(RECORDED INFORMATION):
────

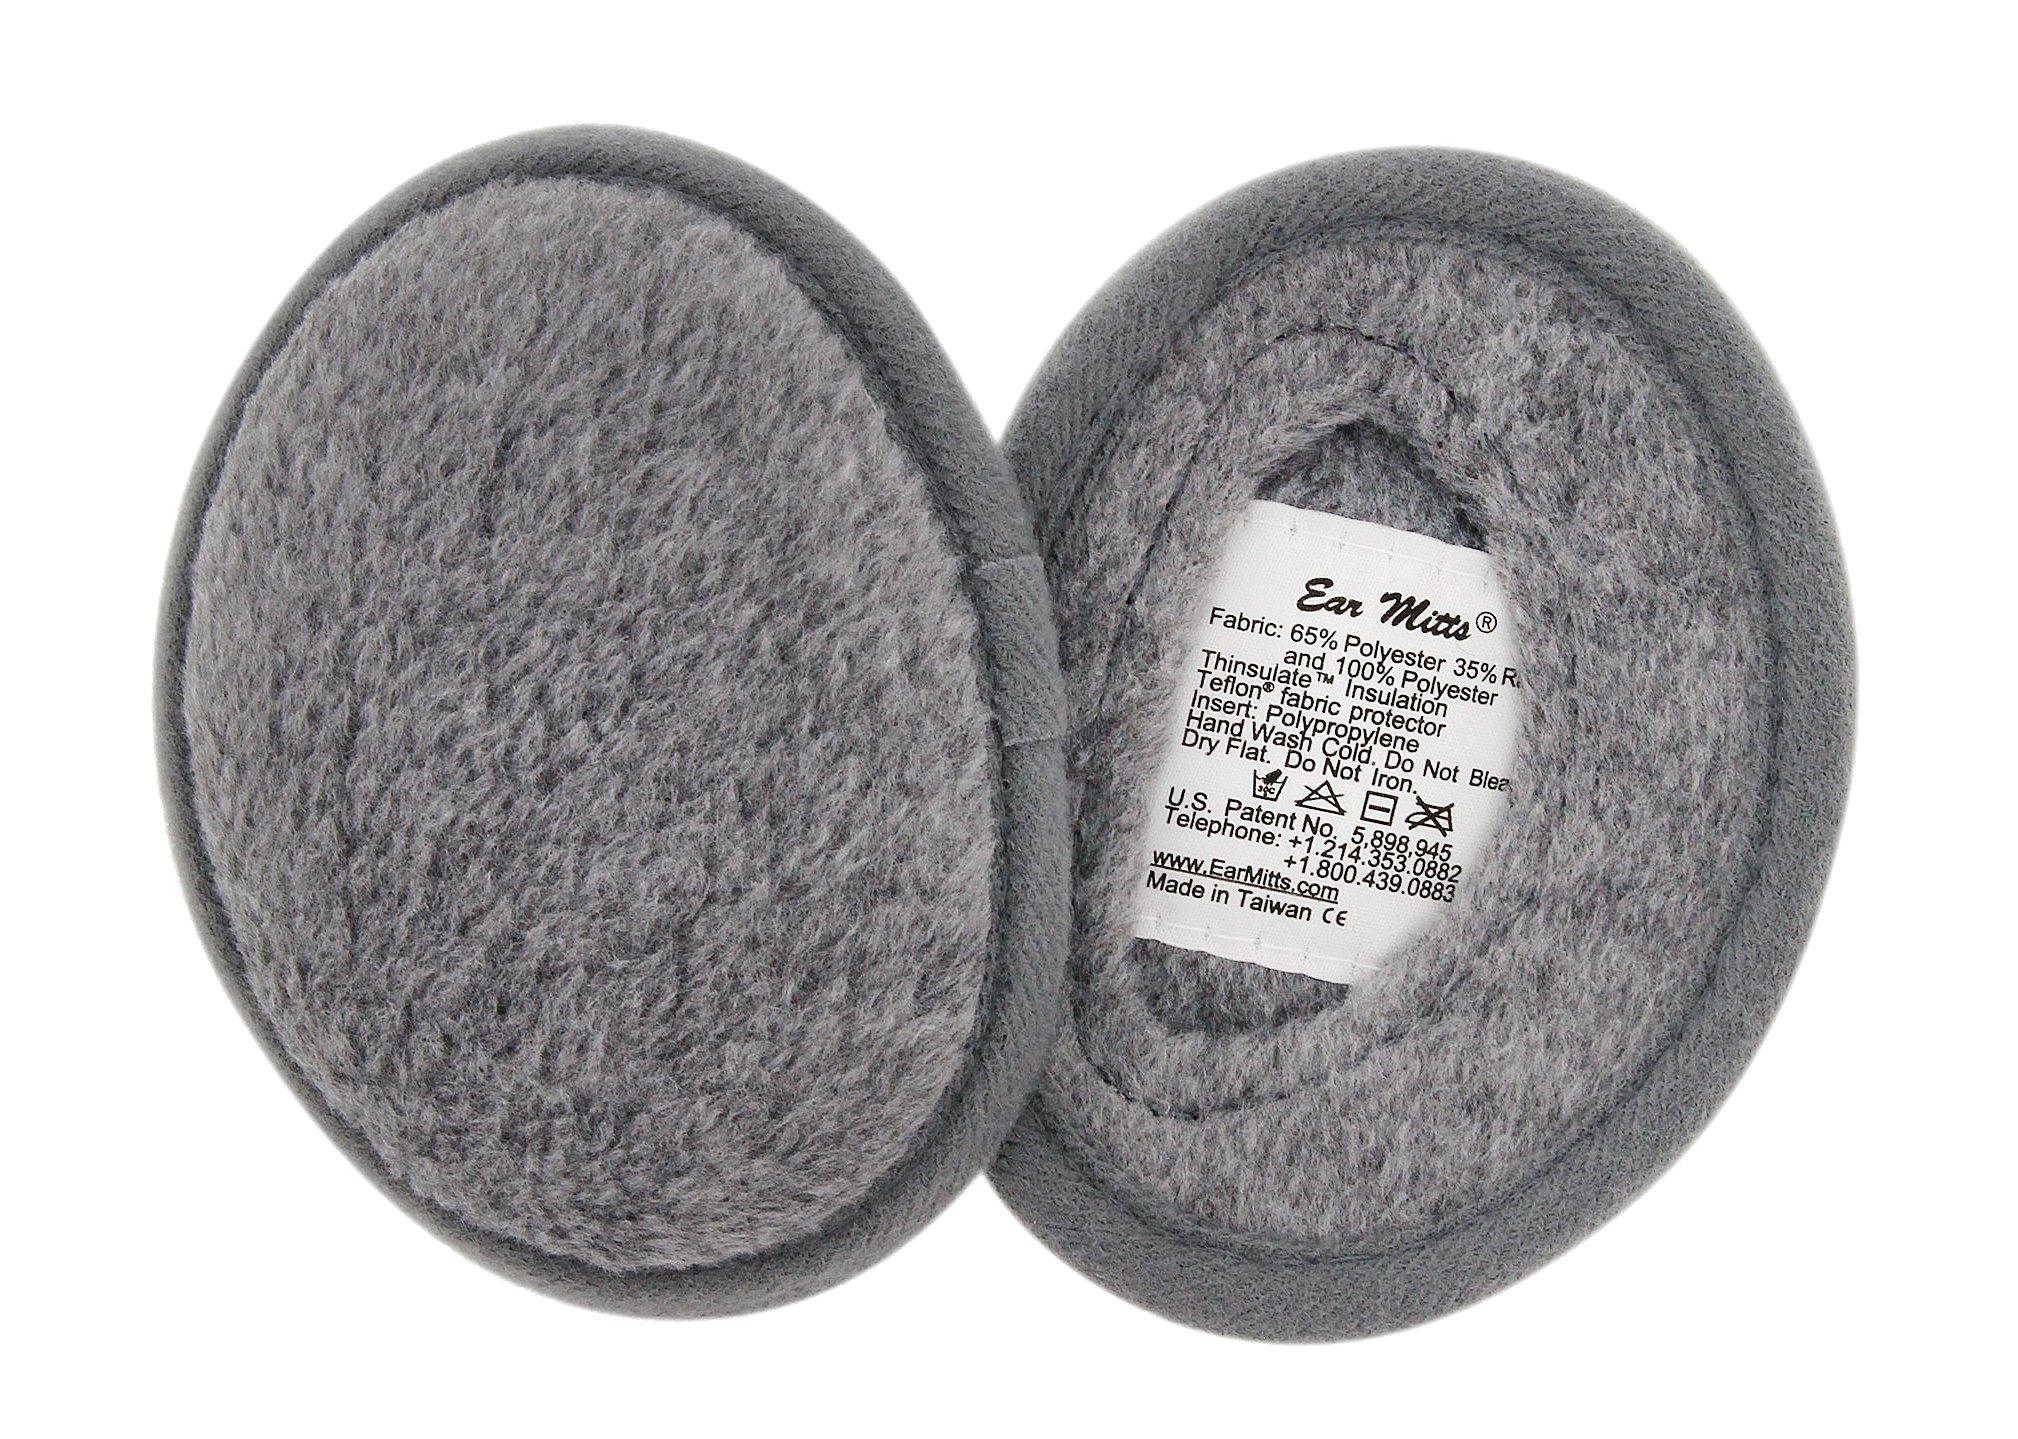 Ear Mitts Bandless Ear Muffs For Men & Women, Gray Fleece Ear Warmers, Regular
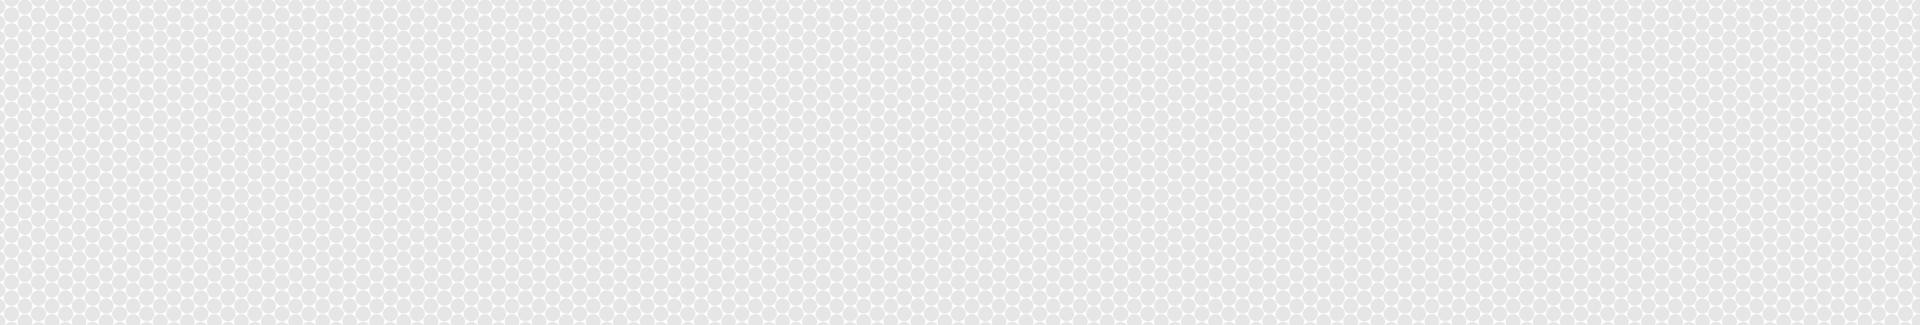 Header_Support_Online-support-background-1920×325
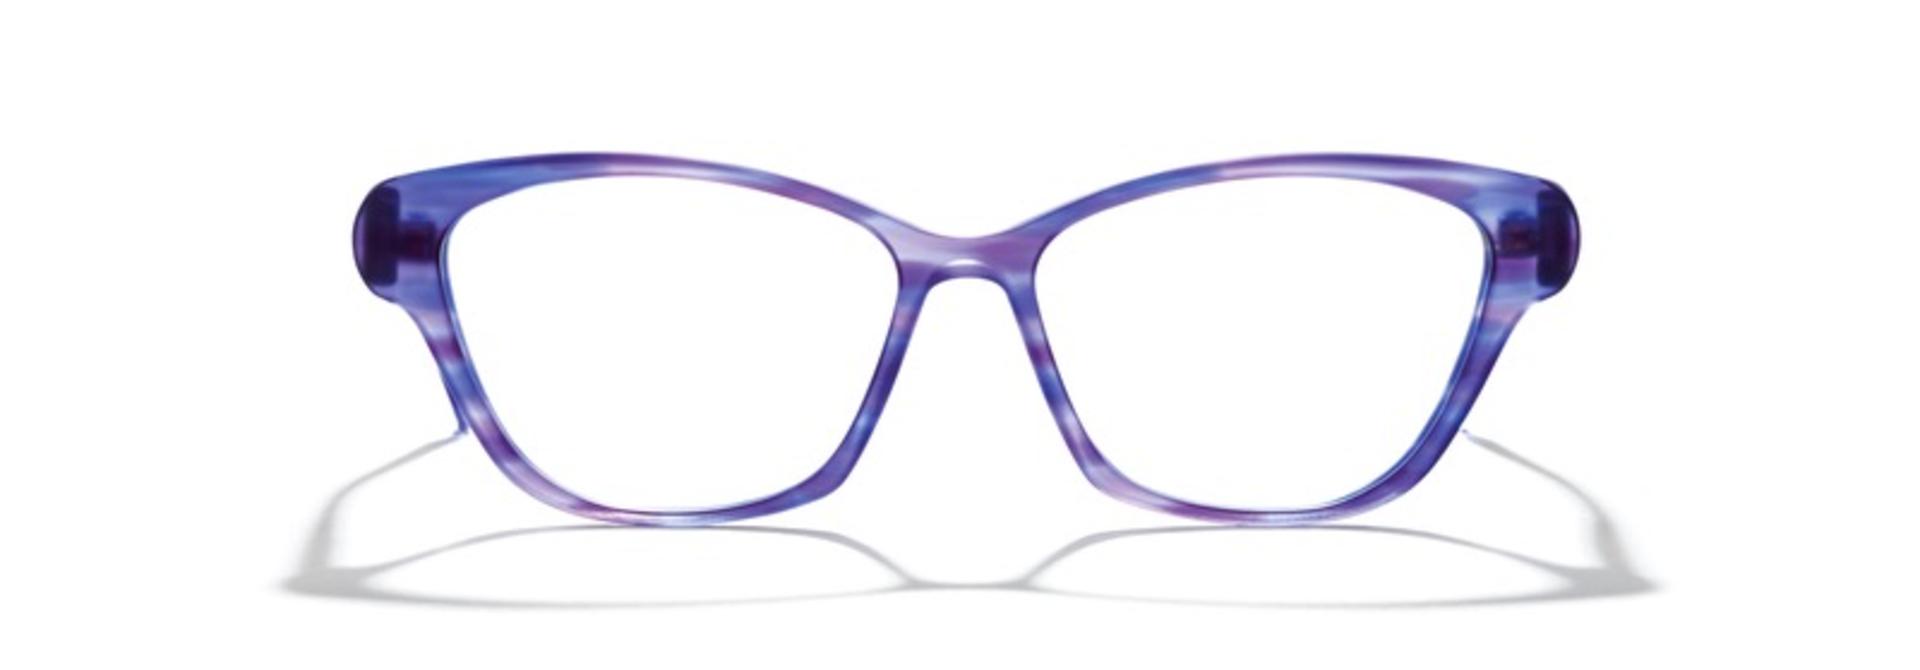 Bevel Violetta 3693

────

(WHAT IS REQUIRED): Each line above must be repeated exactly in the answer, with pictures omitted.

(EXERCISE RESULT):
 Ear Mitts Bandless Ear Muffs For Men & Women, Gray Fleece Ear Warmers, Regular
 Header_Support_Online-support-background-1920×325
 Bevel Violetta 3693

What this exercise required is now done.